-------- Source material --------

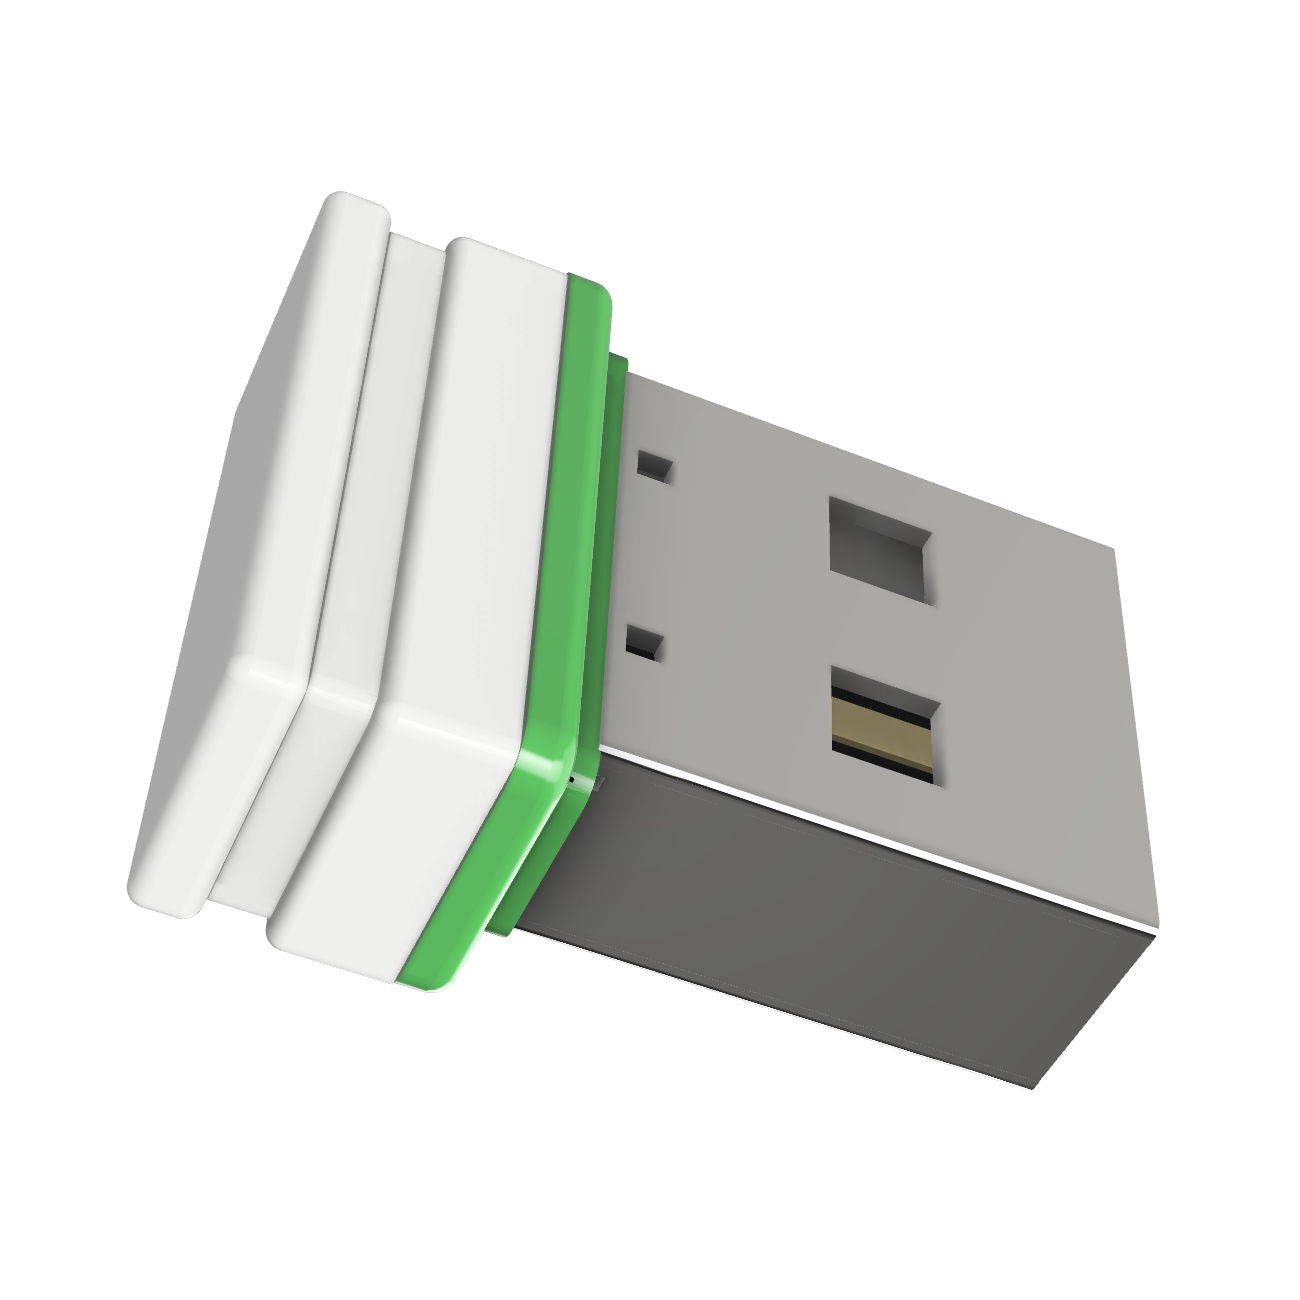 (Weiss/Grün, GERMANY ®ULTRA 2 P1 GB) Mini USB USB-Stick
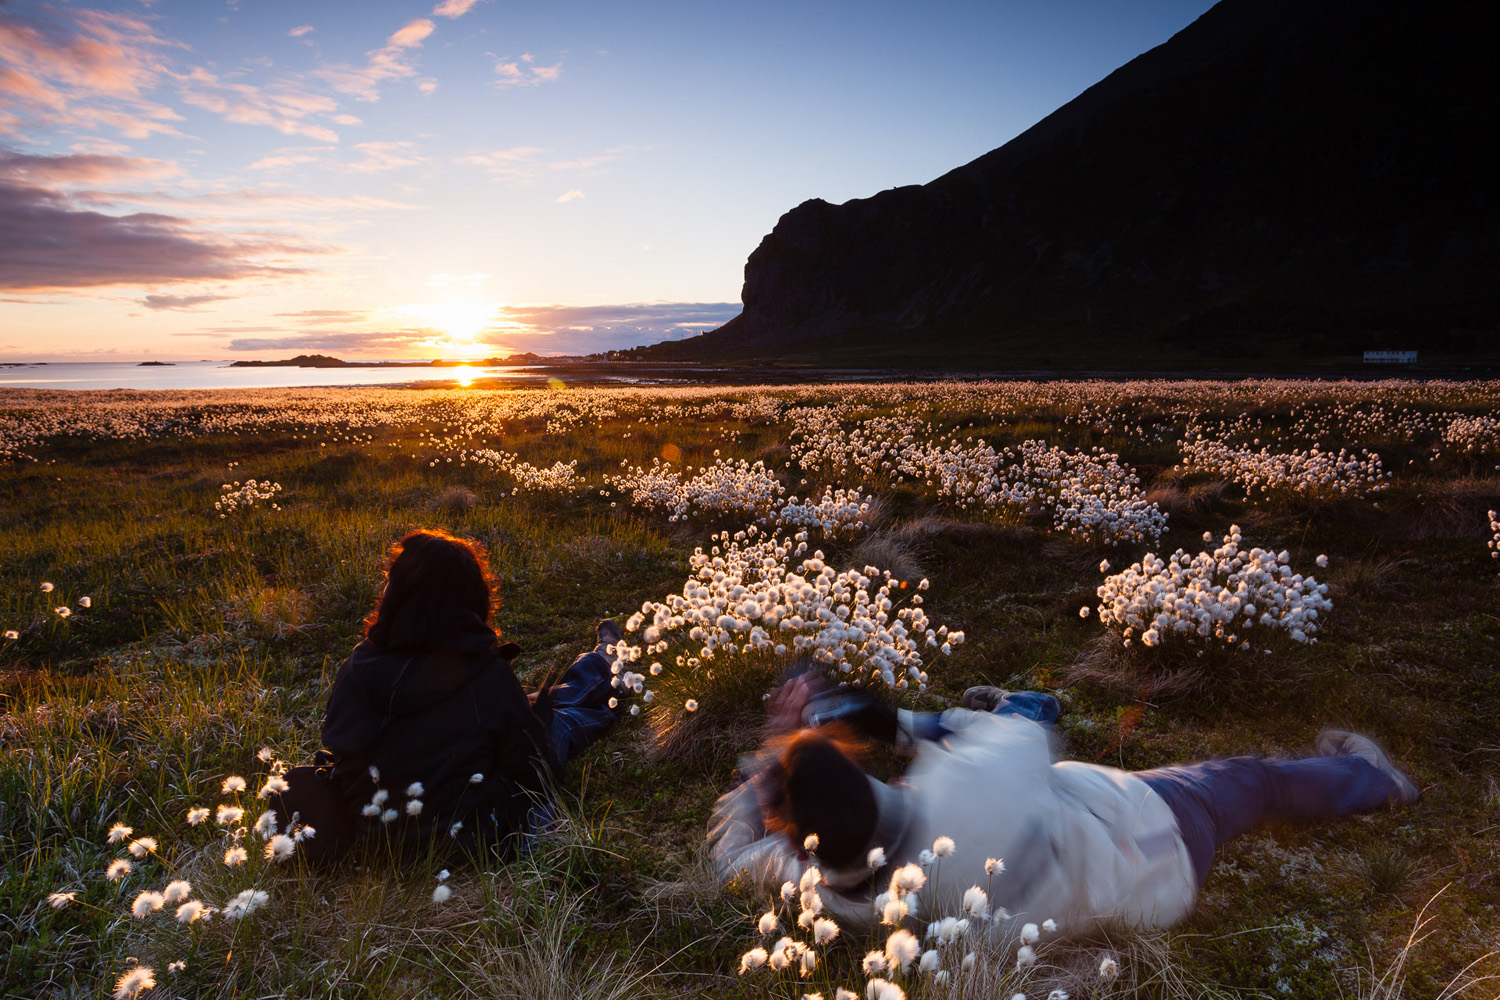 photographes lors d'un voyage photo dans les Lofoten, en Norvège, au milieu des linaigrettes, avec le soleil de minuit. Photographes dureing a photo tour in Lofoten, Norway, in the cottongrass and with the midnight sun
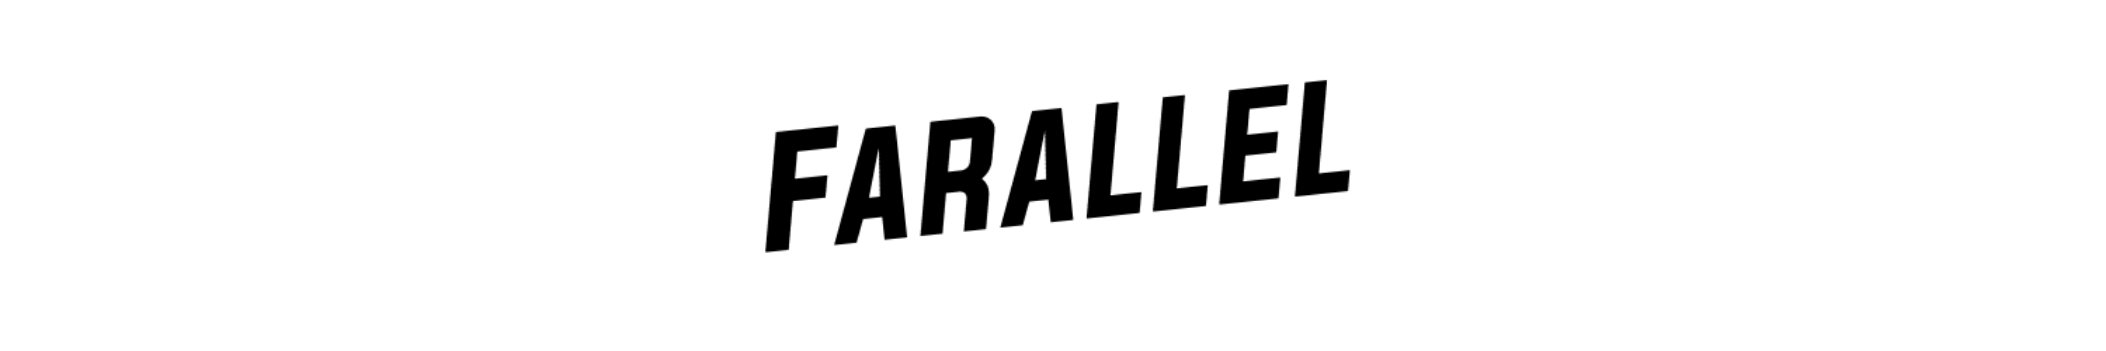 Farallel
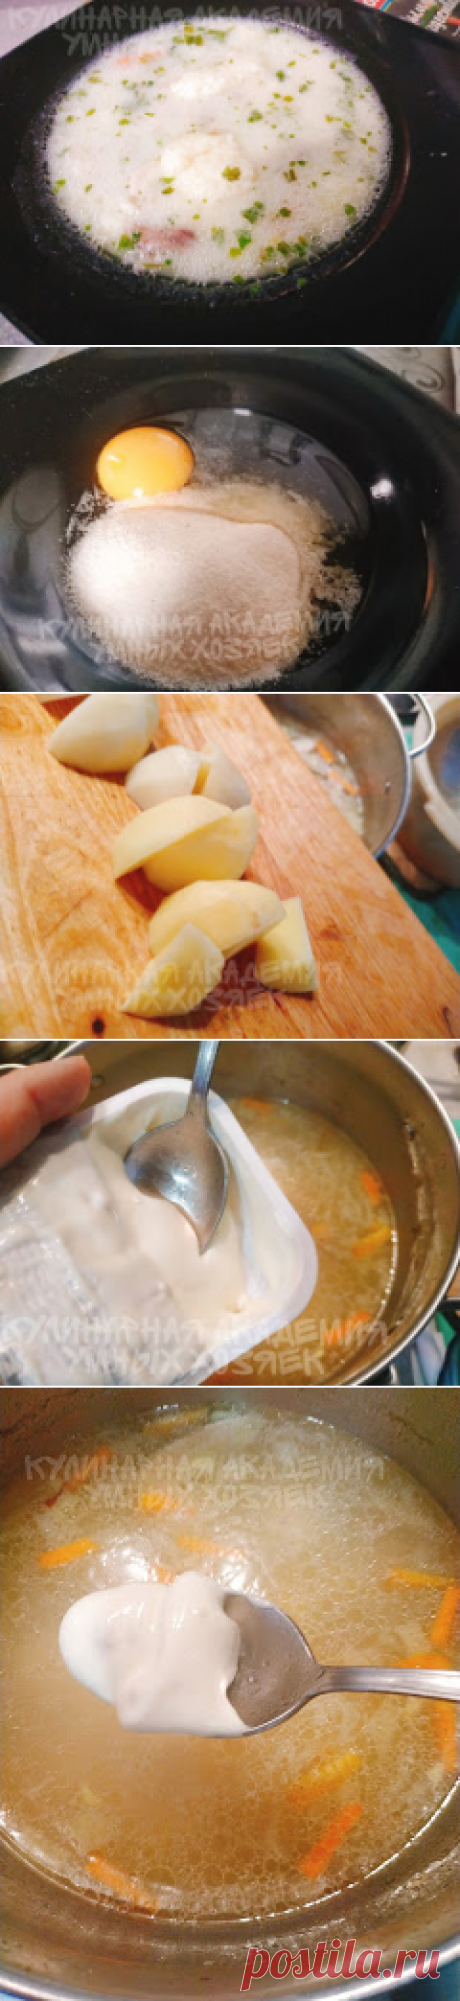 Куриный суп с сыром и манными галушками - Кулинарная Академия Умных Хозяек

--------

▶ _Problem requirements_
Nothing but the lines from the one that contains "photographes lors d'un" through the last line of the material should be written out, exactly. Omit pictures.

▶ _Exercise result_
 photographes lors d'un voyage photo dans les Lofoten, en Norvège, au milieu des linaigrettes, avec le soleil de minuit. Photographes dureing a photo tour in Lofoten, Norway, in the cottongrass and with the midnight sun
 Farallel
 Куриный суп с сыром и манными галушками - Кулинарная Академия Умных Хозяек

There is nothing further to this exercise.